I procuratori di Stato sostengono che Google avrebbe fatto pagare prezzi eccessivi per le inserzioni che posizionava in vari punti della rete, estromettendo gli eventuali rivali che minacciavano la posizione dominante dell’azienda. In più, Google avrebbe stretto un accordo con Facebook per porre fine alla concorrenza di quest’ultimo nelle inserzioni pubblicitarie.

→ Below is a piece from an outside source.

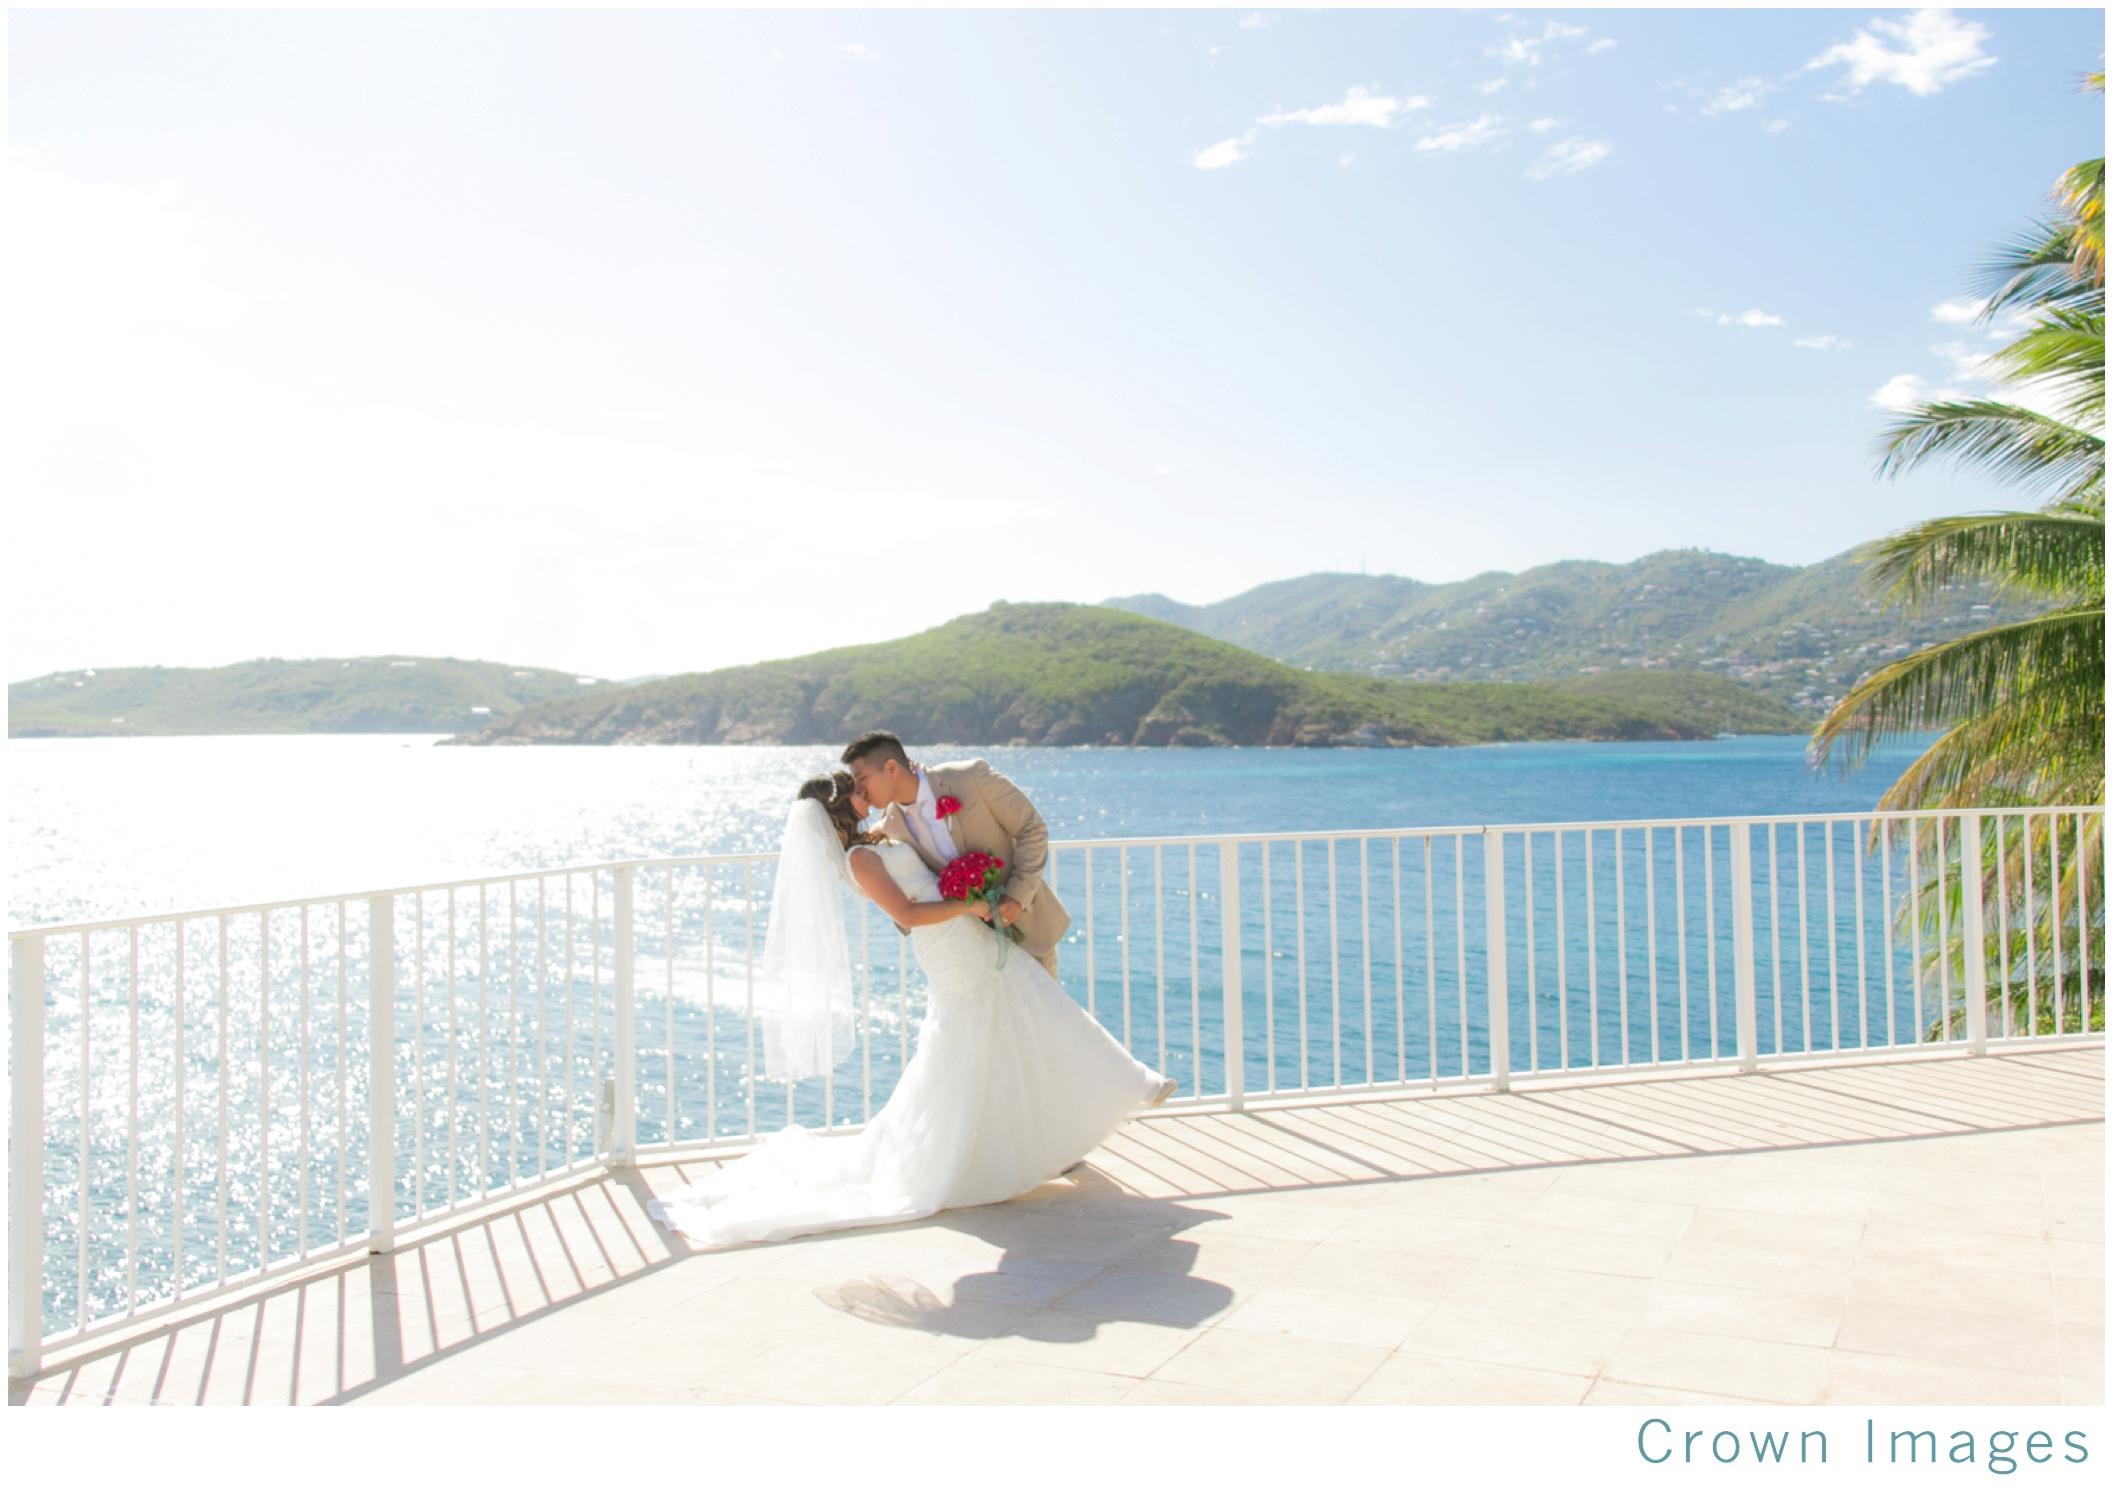 wedding-photos-st-thomas-marriott-frenchmans-reef_1815.jpg

L’ufficio di Ken Paxton, procuratore generale del Texas, nell’annunciare il procedimento contro Google su Twitter ha affermato che “Questo Golia di Internet ha usato il proprio potere per manipolare il mercato, distruggere la concorrenza, e danneggiare ‘te’, il consumatore”, in quanto il suo monopolio del mercato del “display advertising soffoca l’innovazione, limita la scelta dei consumatori e riduce la concorrenza”:

È da tempo che su entrambe le sponde dell’oceano le autorità si sono concentrate sul ruolo spropositato che giganti del calibro di Amazon, Apple, Facebook e Google giocano nell’attuale scena economica, ricorda il New York Times, plasmando ogni aspetto o quasi della nostra vita, da come facciamo compere a quale intrattenimento vediamo, o a quali notizie siamo esposti.

Già lo scorso ottobre Google era finito nel mirino del dipartimento di Giustizia e 11 procuratori generali per il proprio monopolio sui motori di ricerca, ma la causa depositata ieri va a toccare Google nel suo punto più sensibile, gli introiti pubblicitari, che rappresentano la maggior parte del fatturato dell’azienda.